— EXERCISE OBJECTIVE —
Look through the data below, and copy each line that carries the word "ring".

— AVAILABLE RECORDS —
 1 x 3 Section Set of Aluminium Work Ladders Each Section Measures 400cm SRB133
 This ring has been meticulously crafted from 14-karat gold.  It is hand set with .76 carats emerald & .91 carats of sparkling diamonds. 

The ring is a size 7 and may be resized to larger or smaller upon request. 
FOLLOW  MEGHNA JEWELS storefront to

==

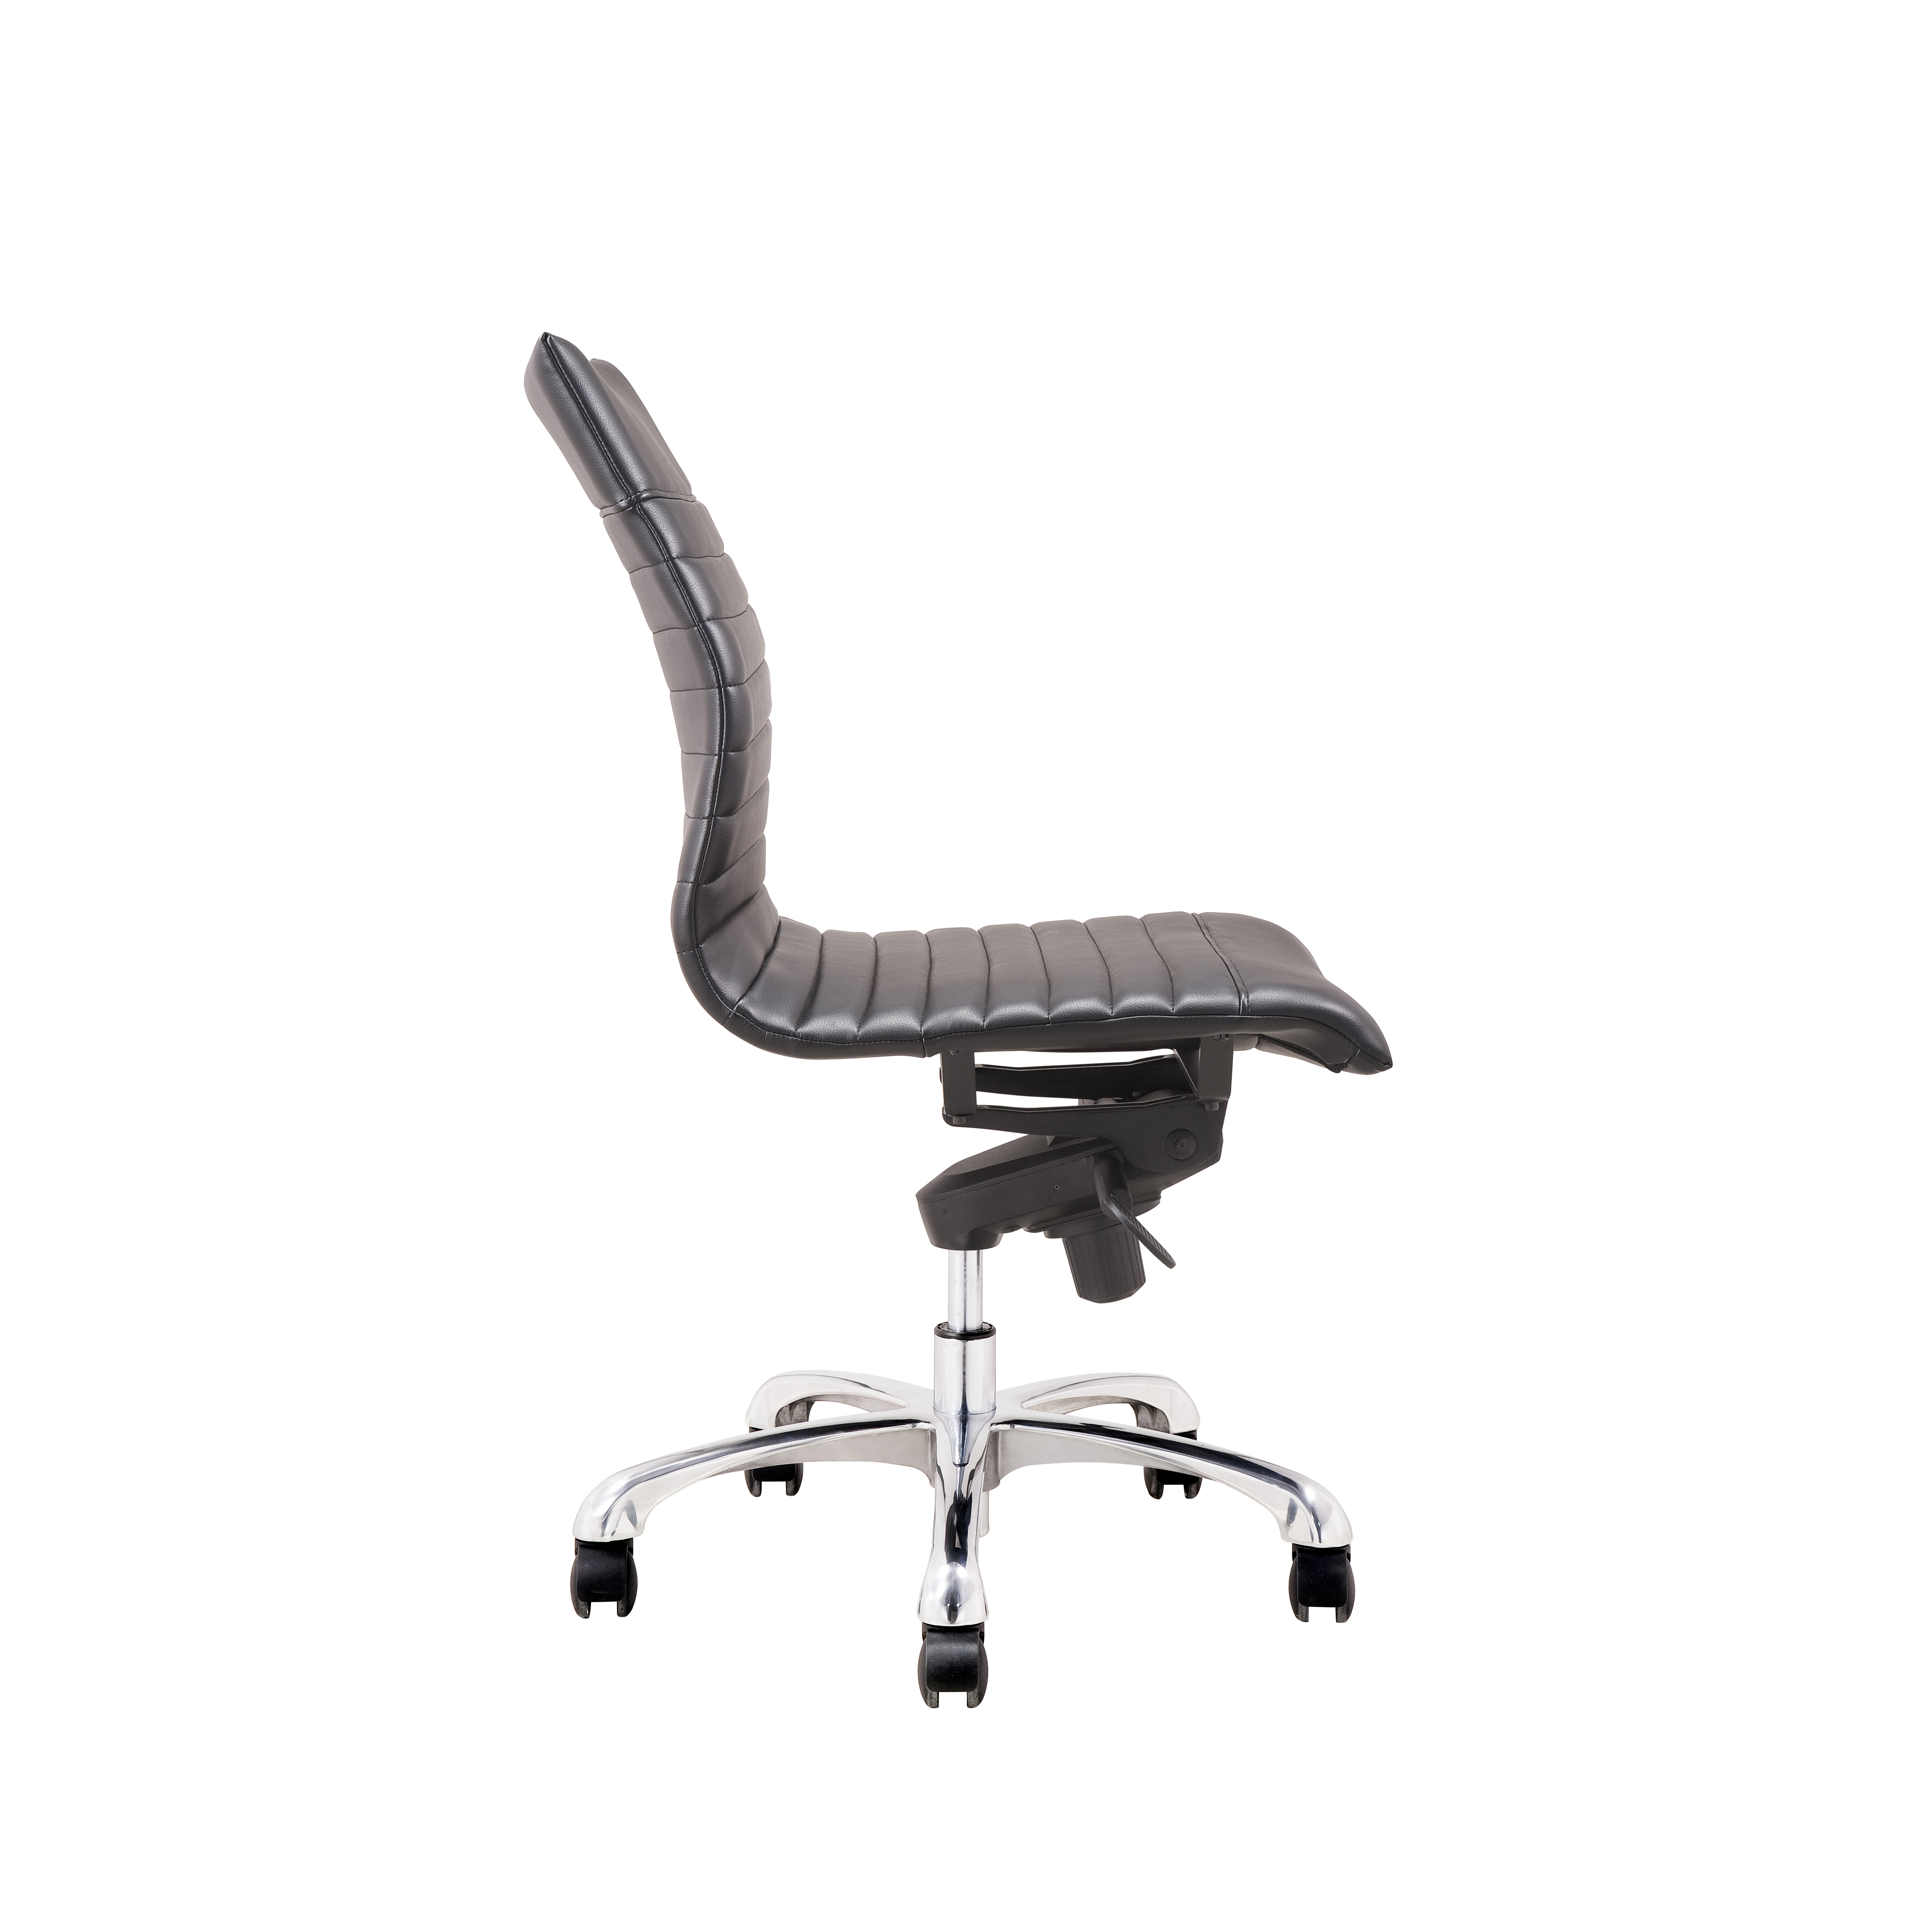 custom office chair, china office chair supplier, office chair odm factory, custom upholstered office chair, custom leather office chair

---

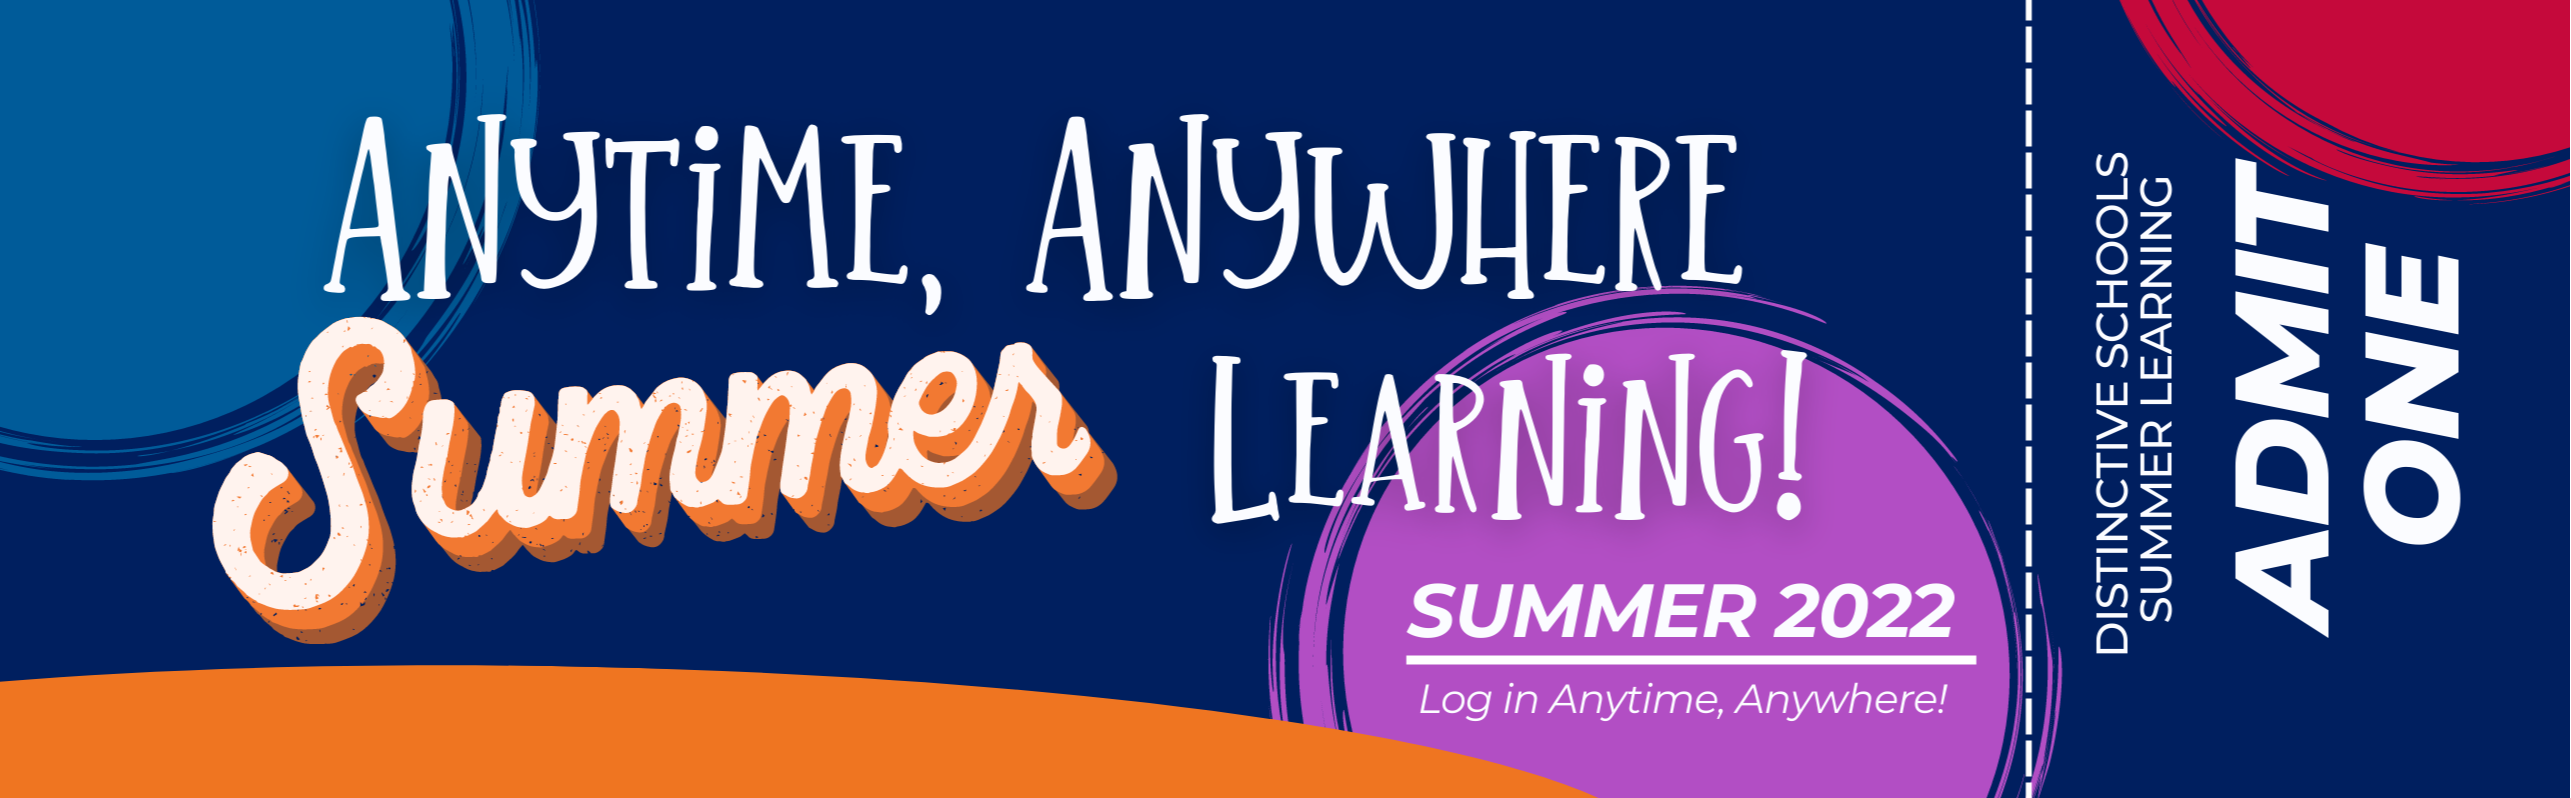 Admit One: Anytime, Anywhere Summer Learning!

— RESULT —
 This ring has been meticulously crafted from 14-karat gold.  It is hand set with .76 carats emerald & .91 carats of sparkling diamonds. 
The ring is a size 7 and may be resized to larger or smaller upon request. 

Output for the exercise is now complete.